Oggi l’esigenza di ricorrere alla tecnica dell’innesto trova una giustificazione agronomica solo in presenza di portinnesti clonali in grado di aumentare notevolmente la capacità di adattamento della coltura alla siccità, di superare avversità che colpiscono gli apparati radicali o di ridurre il vigore vegetativo della cultivar. L’utilizzo di piante bimembri, innestate su portinnesti clonali, comporta, però, la necessità di una rimodulazione dei protocolli produttivi vivaistici attraverso la definizione di nuove tecniche di propagazione, innovative e alternative rispetto alle tradizionali tecniche utilizzate, che consentano di qualificare e riorganizzare il comparto, riducendo i tempi e i costi di produzione della pianta bimembre. Si tratta, in definitiva, di mettere a punto specifici protocolli di moltiplicazione in vitro per i portinnesti clonali, spesso recalcitranti alle tecniche di autoradicazione, e alla definizione delle tecniche d’innesto su materiale non ancora lignificato attuabili, in ambiente protetto o in camera di crescita (come nel vitro), in qualsiasi periodo dell’anno.

Preparazione del seme
La propagazione per seme è limitata alla produzione di portinnesti franchi. Il seme dell’olivo, anche se presenta una buona conservabilità, è considerato di difficile germinabilità. Tale caratteristica è stata attribuita a due fattori, uno di natura meccanica (endocarpo legnoso) e l’altro di natura puramente chimicofisiologica. La tecnica di germinazione prevede che i frutti, subito dopo la raccolta, siano liberati della polpa e i noccioli vengano lavati con soda caustica all’1% per allontanare la patina di olio che li avvolge.
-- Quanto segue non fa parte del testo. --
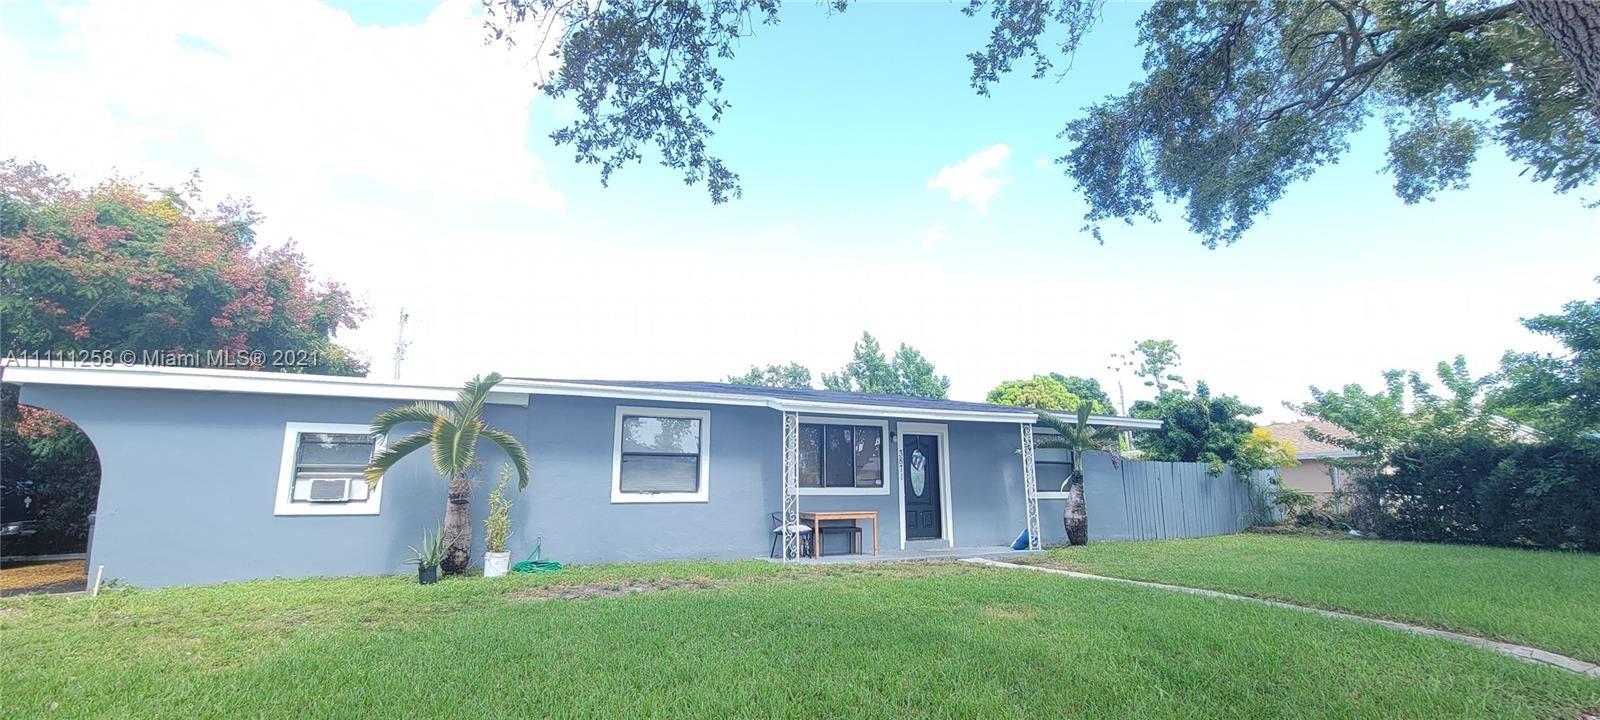 3871 SW 31st Ct, West Park, FL 33023 - #: A11111258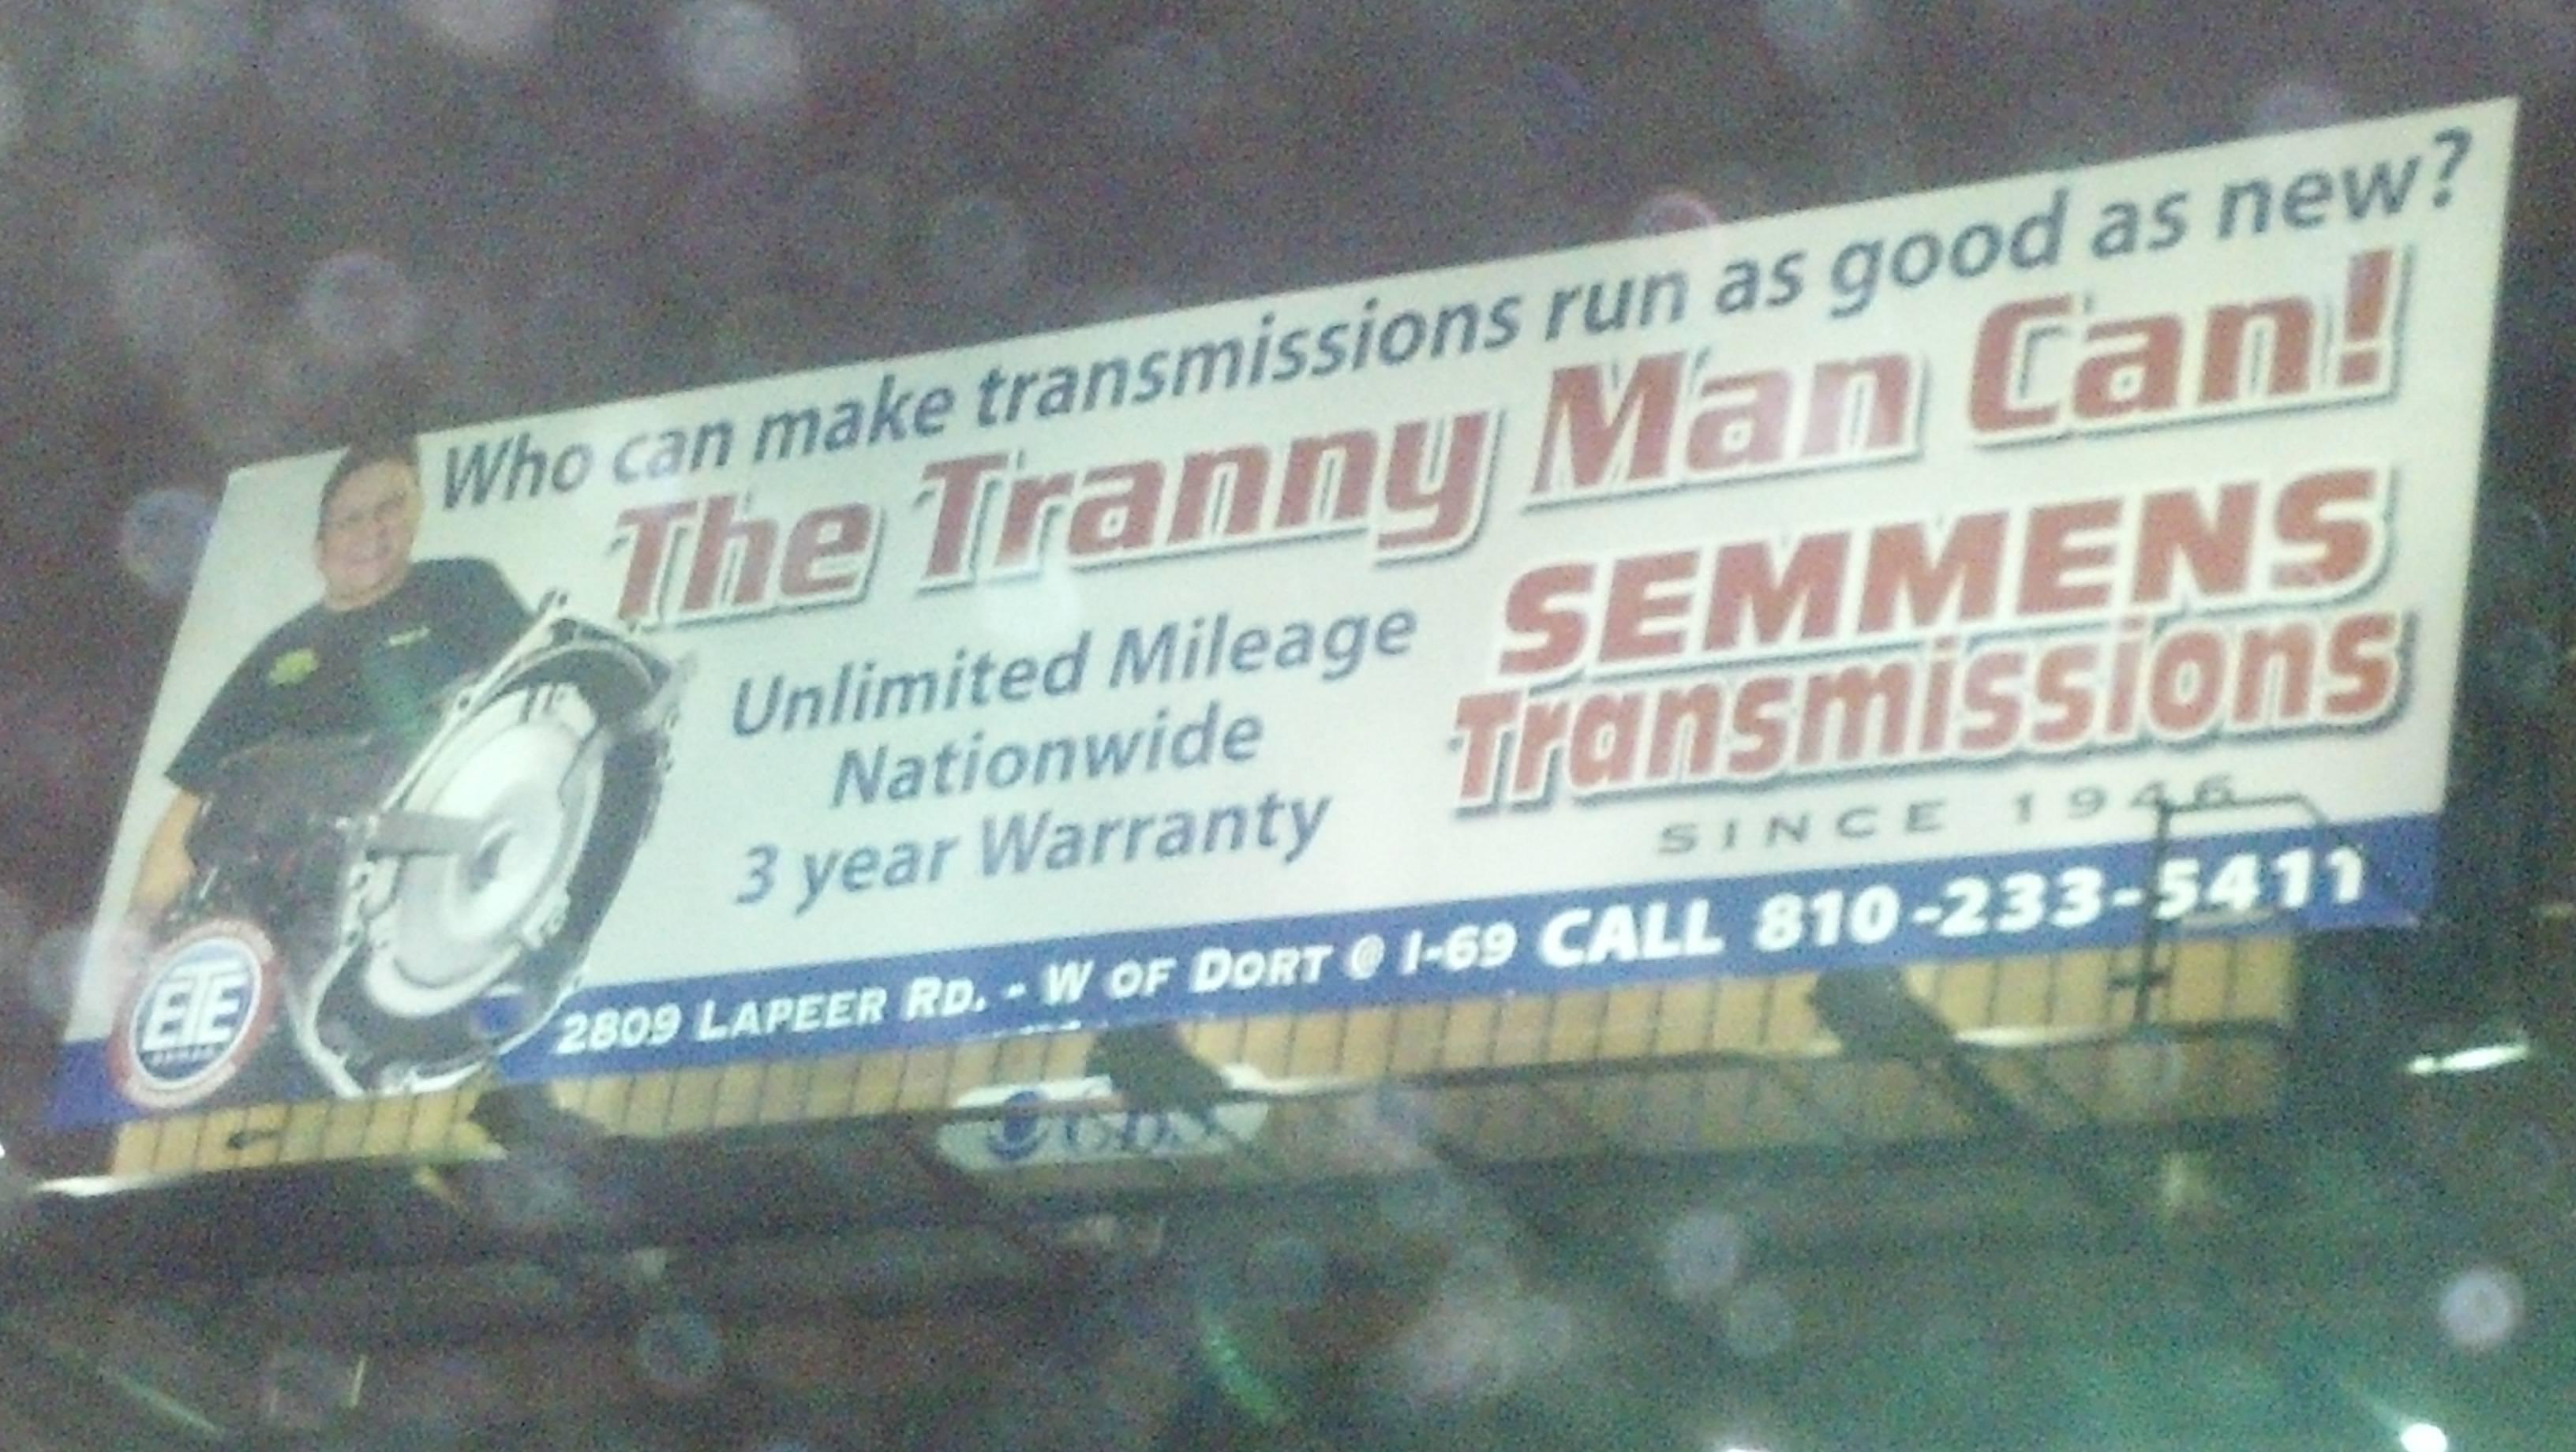 Jackal reccomend Tranny man transmissions

Successivamente, i semi vengono sciacquati in acqua corrente per togliere i residui di soda, asciugati e conservati in luogo fresco e asciutto, distesi su un piano, in strati alti 4-5 cm, oppure conservati in sacchi di juta o in contenitori di plastica. Nella prima settimana di agosto dell’anno successivo i semi vengono posti in vasche piene d’acqua, per circa un paio di settimane, rinnovando l’acqua a intervalli di due giorni, per favorire l’imbibizione dei semi completi ed eliminare quelli che galleggiano perché vuoti o che comunque presentano difetti.

Semina
I semi vanno seminati in cassoni, larghi circa 1,5 m e lunghi quanto necessario, utilizzando 2-3 kg di seme per m2. Il substrato, costituito da una miscela di sabbia e terra coerente (50/50 v/v), deve essere mantenuto umido utilizzando preferibilmente una soluzione acquosa contenente un fungicida a largo spettro di azione, per evitare lo sviluppo del Pythium spp. I semi cominciano a germinare nel mese di novembre, il tasso di germinazione aumenta fino a febbraio per poi decrescere in arzo. Da ogni m2 di semenzaio si ottengono circa 3000-4000 piantine. La percentuale media di germinazione si aggira intorno al 50%.

Trapianto dei semenzali

Allo stadio di 6-8 foglioline (10-15 cm di altezza) i semenzali devono essere trapiantati in contenitori (sono sufficienti quelli di 10×10×10 cm) riempiti con un substrato costituito da una miscela di torba, pozzolana e osmocote (un concime a lento rilascio); prima del trapianto si procede all’amputazione del fittone a 6-8 cm. I contenitori vengono collocati, in gruppi di 28, all’interno di cassette di plastica di 60×40 cm.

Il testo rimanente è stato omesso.